# Transfer of GI knowledge from Yeast to Arabidopsis for the following scenarios:
1. Using only the SMF data
2. Using all the neutrality functions
2. Using only the established neutrality functions (Mani 2008 PNAS)

### Goal:
The established Arabidopsis models serve as a baseline performance. The idea is to 
use the Yeast model, which performed really well, to increase the prediction accuracy 
on the significantly smaller Arabidopsis dataset.

### Scenario 1. Using only the SMF data

In [8]:
import joblib
import pandas as pd
import xgboost as xgb

# Load in the data
ara = pd.read_csv('../ara_data/1_feature_tables/20240923_melissa_ara_data_features/W_TSC_emmean_feature_table.tsv', sep='\t', index_col=0)
ara_test = pd.read_csv('../ara_data/1_feature_tables/20240923_melissa_ara_data_features/W_TSC_emmean_test_instances.txt', sep='\t', header=None)

# Load trained yeast xgb model and retrain with Arabidopsis data
ara.rename(columns={'MA_new': 'Query_SMF_new', 'MB_new': 'Array_SMF_new'}, inplace=True)
ara_train = ara.loc[~ara.index.isin(ara_test[0]), ['W_TSC_emmean', 'Query_SMF_new', 'Array_SMF_new']]
ara_y_train = ara_train.loc[:, 'W_TSC_emmean']
ara_train.drop(columns='W_TSC_emmean', inplace=True)

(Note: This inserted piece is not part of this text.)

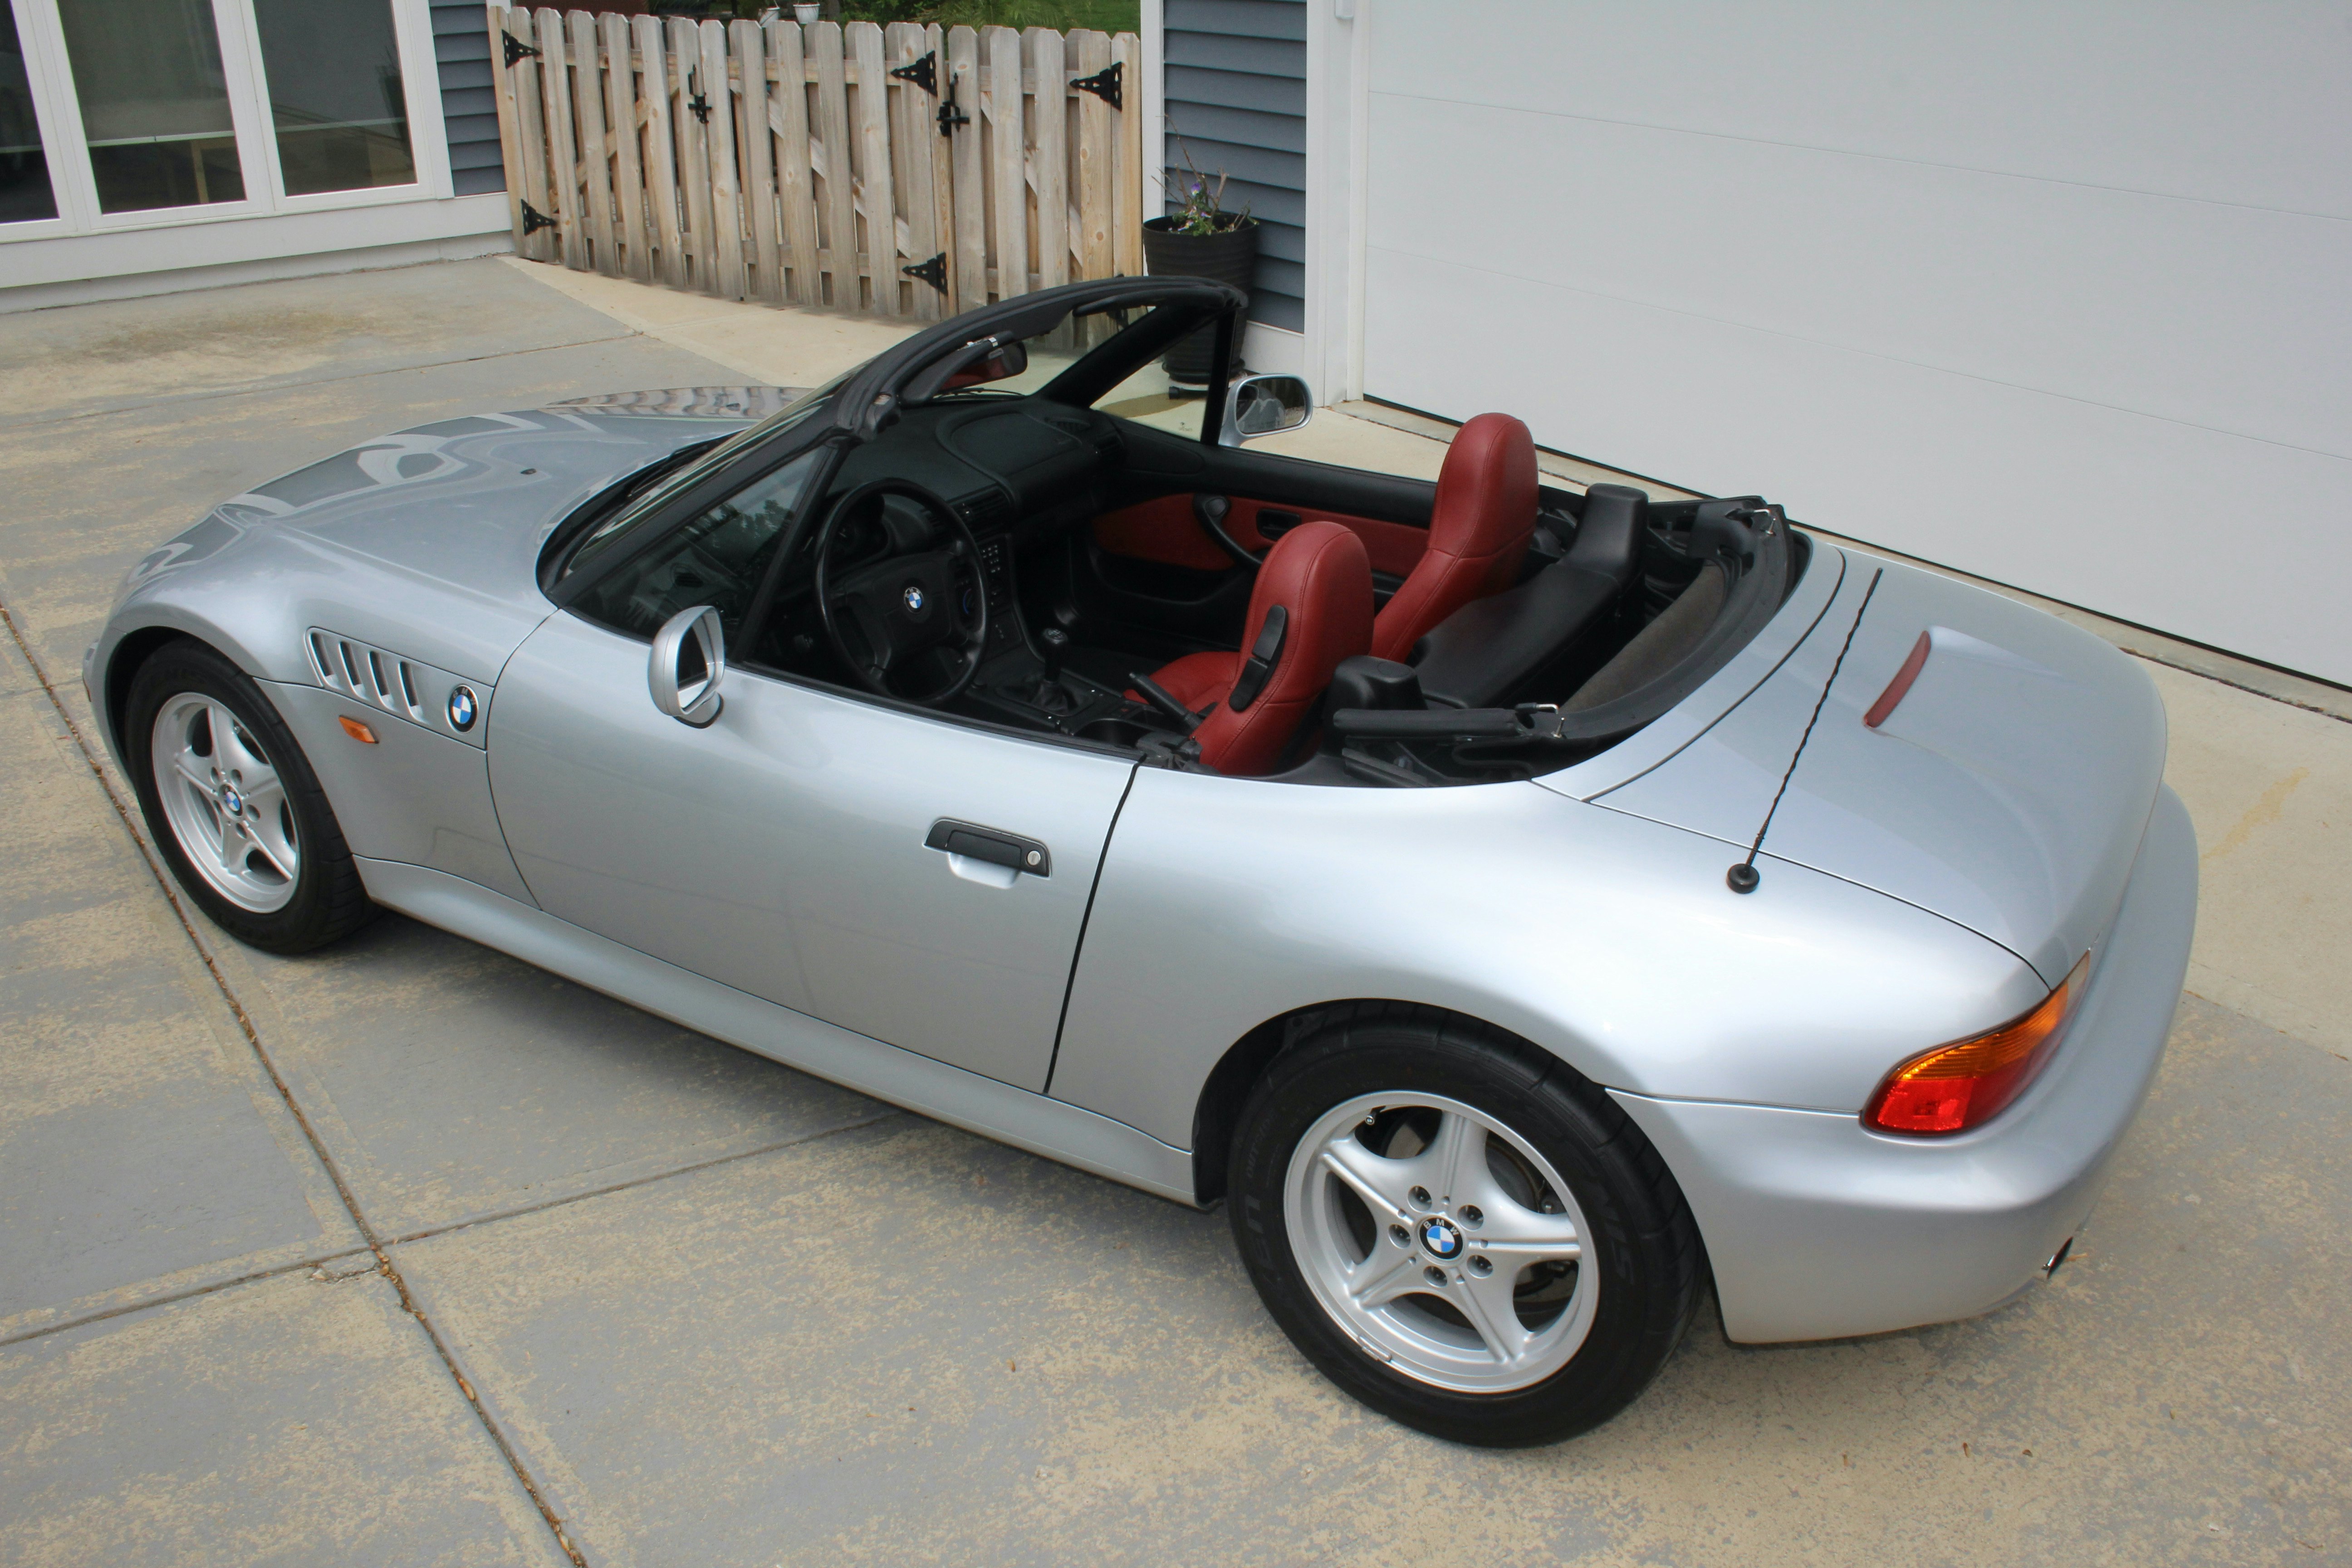 At $12,999, Is This 1996 BMW Z3 M A Real Deal?

ara_test = ara.loc[ara.index.isin(ara_test[0]), ['W_TSC_emmean', 'Query_SMF_new', 'Array_SMF_new']]
ara_y_test = ara_test.loc[:, 'W_TSC_emmean']
ara_test.drop(columns='W_TSC_emmean', inplace=True)

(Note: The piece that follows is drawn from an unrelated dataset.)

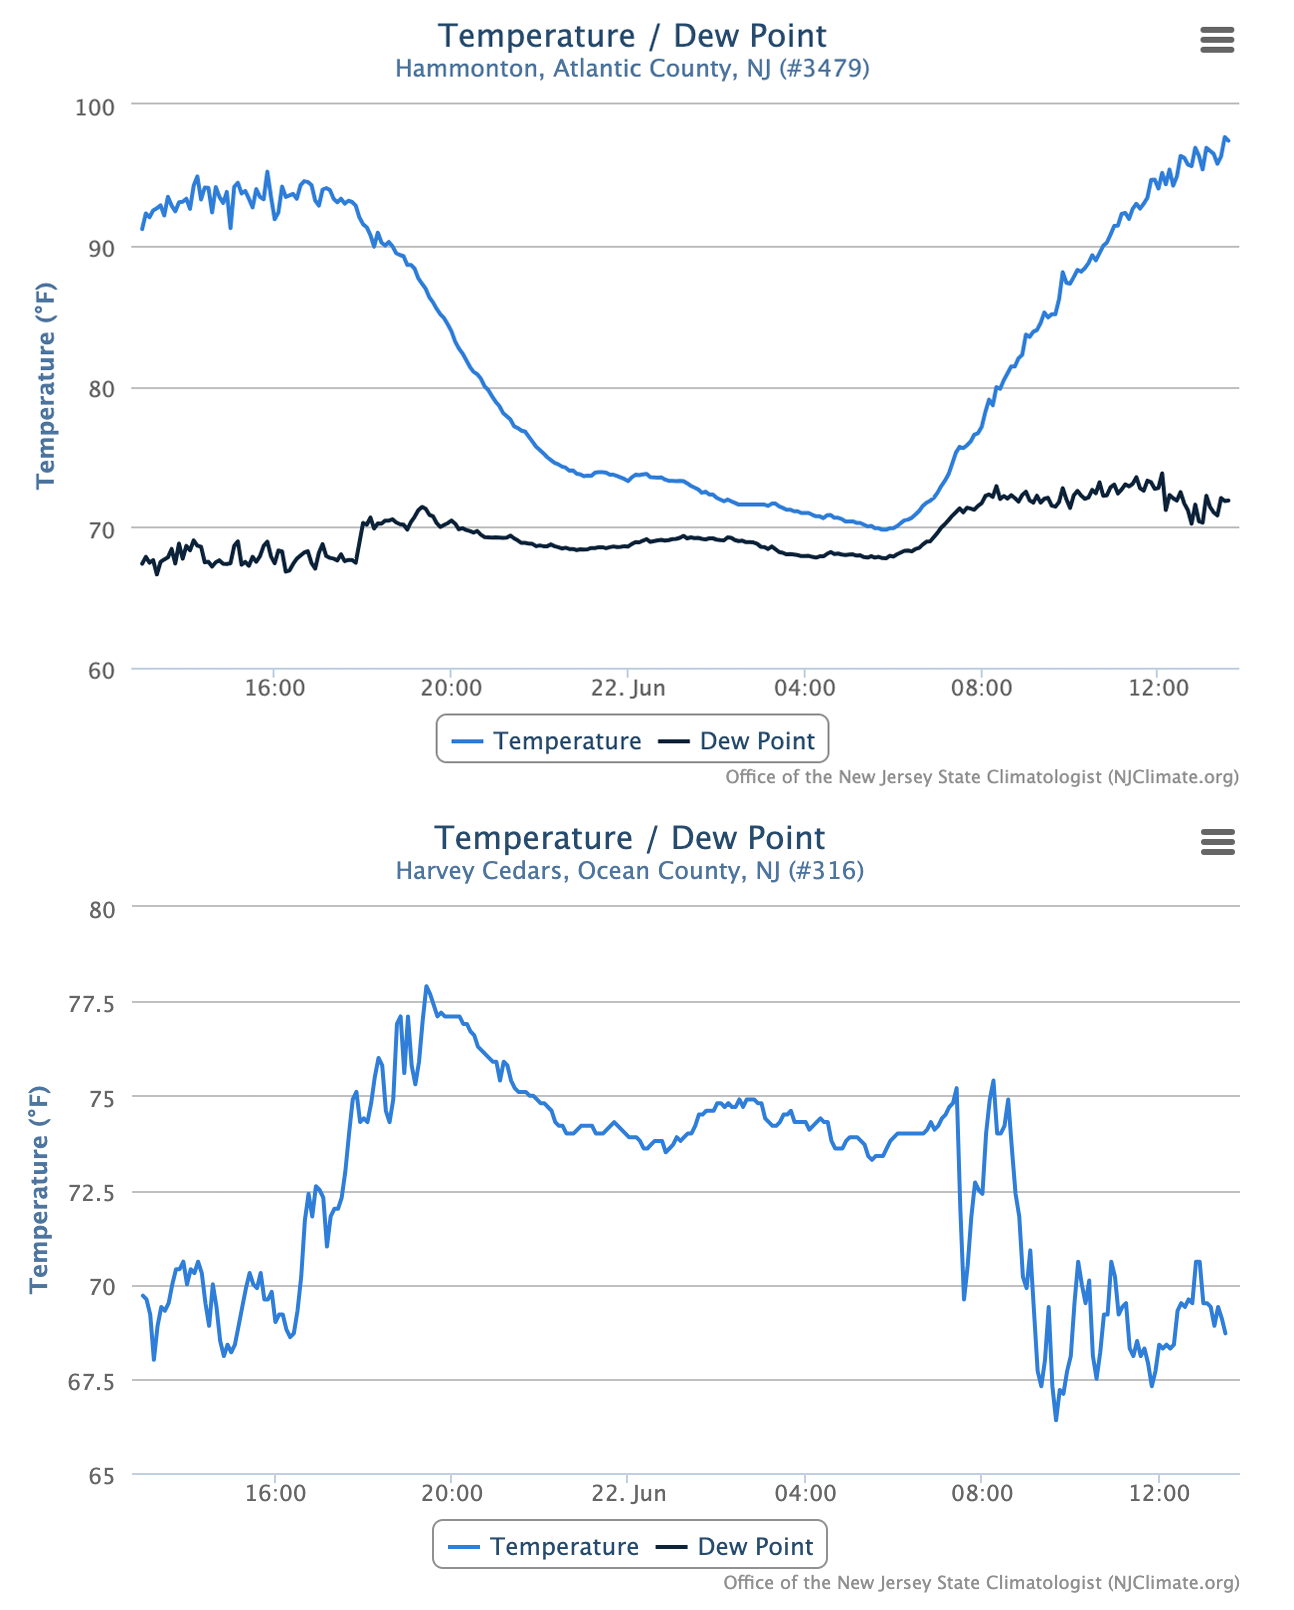 Time series of temperature and dew point at the Hammonton (top) and temperature at the Harvey Cedars (bottom) NJWxNet stations from approximately 2:00 PM on June 21st to 2:00 PM on June 22nd.

yeast_mod = joblib.load('../output/1_xgb_regression_yeast/20241016_results/DMF_from_SMF_only_model_rep_9.pkl')
# yeast_mod.fit(ara_train, ara_y_train)

# Predict
ara_y_test_preds = yeast_mod.predict(ara_test)

In [9]:
from sklearn.metrics import r2_score
r2_score(ara_y_test, ara_y_test_preds)

0.5503288575800729

In [10]:
yeast_mod.fit(ara_train, ara_y_train) # If I retrain
r2_score(ara_y_test, yeast_mod.predict(ara_test))

0.20292576608715895